Хайфин стал проверять и тут же напал на след. Во-первых, в областном управлении милиции обнаружилась копия заявления гражданки Кудерьяновой об изнасиловании (Маша в свое время забыла забрать это заявление из полынского горотдела, а горотдел, в свою очередь, забыл проинформировать областное управление о закрытии дела.) И хотя Петр Салабонов покрыл преступление, женившись на Марии Кудерьяновой (и подозрительно взяв ее фамилию), но заявление-то осталось – и неизвестно еще, чем пригрозил он ей! И Хайфин вызвал в Сарайск Машу, а заодно и мать Петра. Попутно он расследовал возможное участие Петра в убийстве главврача полынской больницы Кондомитинова. Убил, допустим, признанный невменяемым Петр Петрович Завалуев (близкий родственник подследственного!), но почему убийцу обнаружили в доме Салабонова-Кудерьянова?! Местная милиция этим вопросом халатно не заинтересовалась. Попутно Хайфин рассматривал возможность возбуждения уголовного дела по заявлению Фомина И.В. о нанесении ему ущерба здоровья доморощенным лекарем Ивановым (он же Салабонов, он же Кудерьянов). Фомин ведь тоже забыл забрать свое заявление, и оно пылилось, пока не раскопал его в архивах дотошный Хайфин. Таким образом, по совокупности получалось весьма приличное дело – и это Хайфину как нельзя кстати, он ведь занимается первым самостоятельным расследованием после окончания школы милиции.

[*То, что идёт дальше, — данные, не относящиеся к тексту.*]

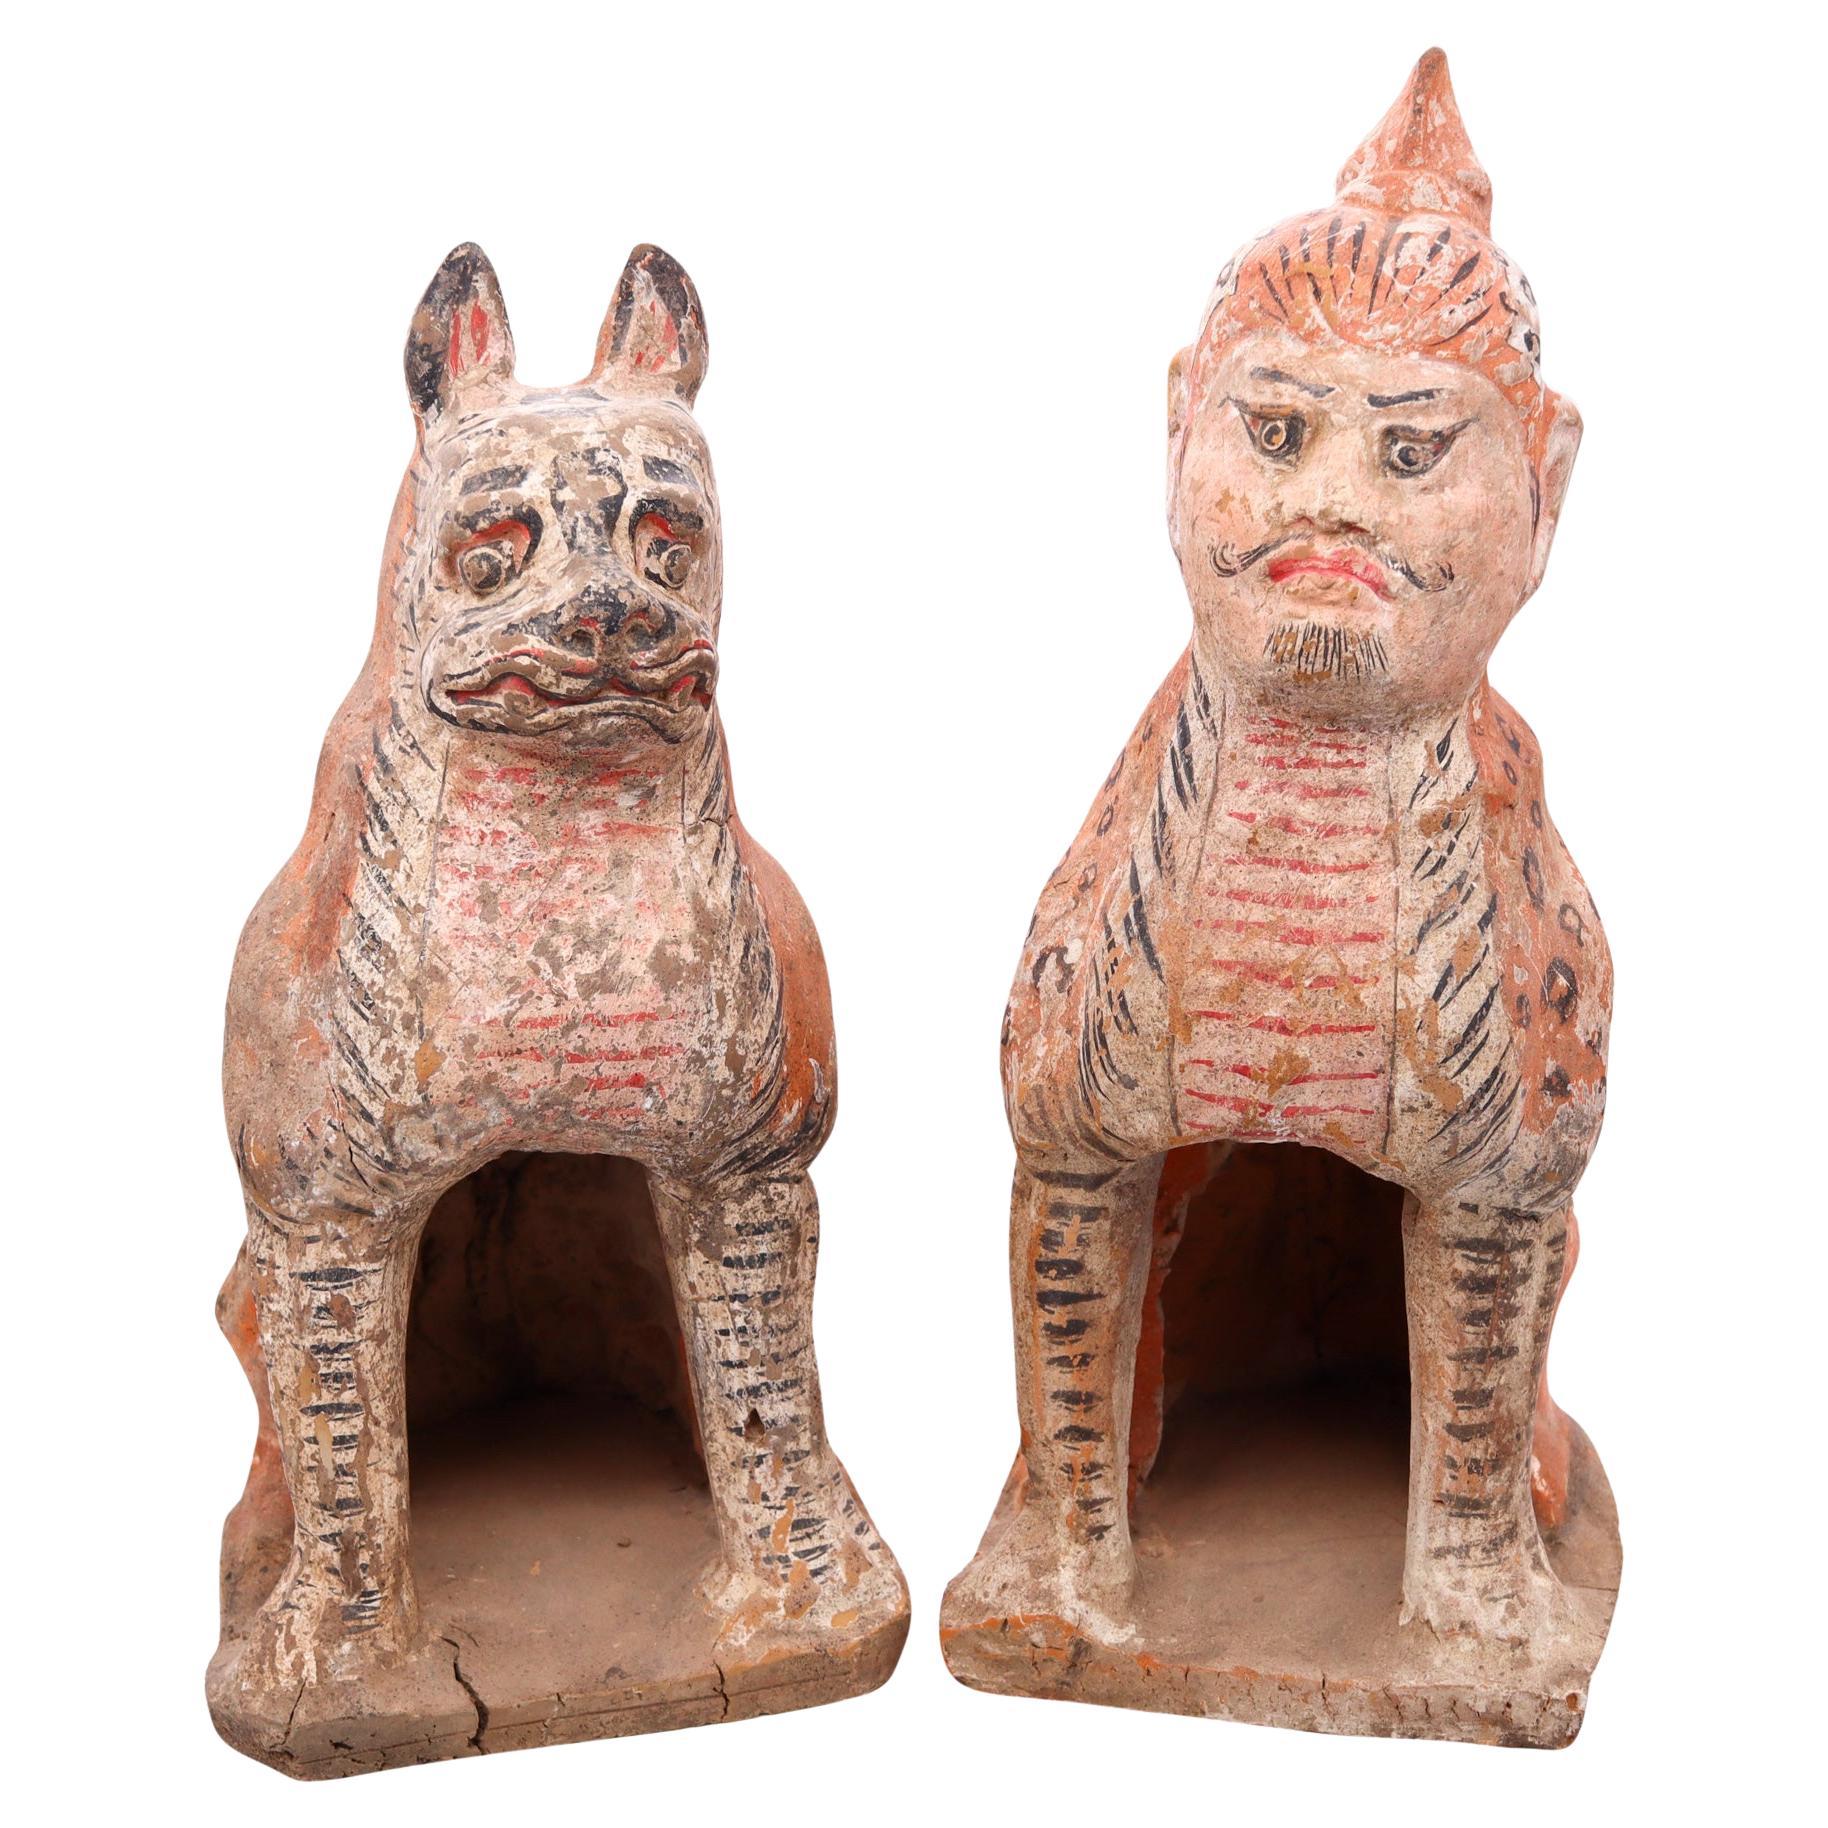 China 618-907 AD Tang Dynasty Pair Of Polychromate Earth Spirits Zhenmushou For Sale

Но ему было мало одних фактов.

У него и вторая теория имелась. Его всегда не устраивало, что преступника, пойманного на каком-то преступлении, за это преступление и судят. Ведь он, если не совсем маленький мальчик, наверняка имеет за собой груз преступлений более тяжких. То есть: поймали на воровстве – подозревай в ограблении, поймали на ограблении – подозревай в убийстве, поймали на убийстве – подозревай измену Родине, поймали на измене – подозревай в нем главаря международной мафии с сотней трупов на личном счету.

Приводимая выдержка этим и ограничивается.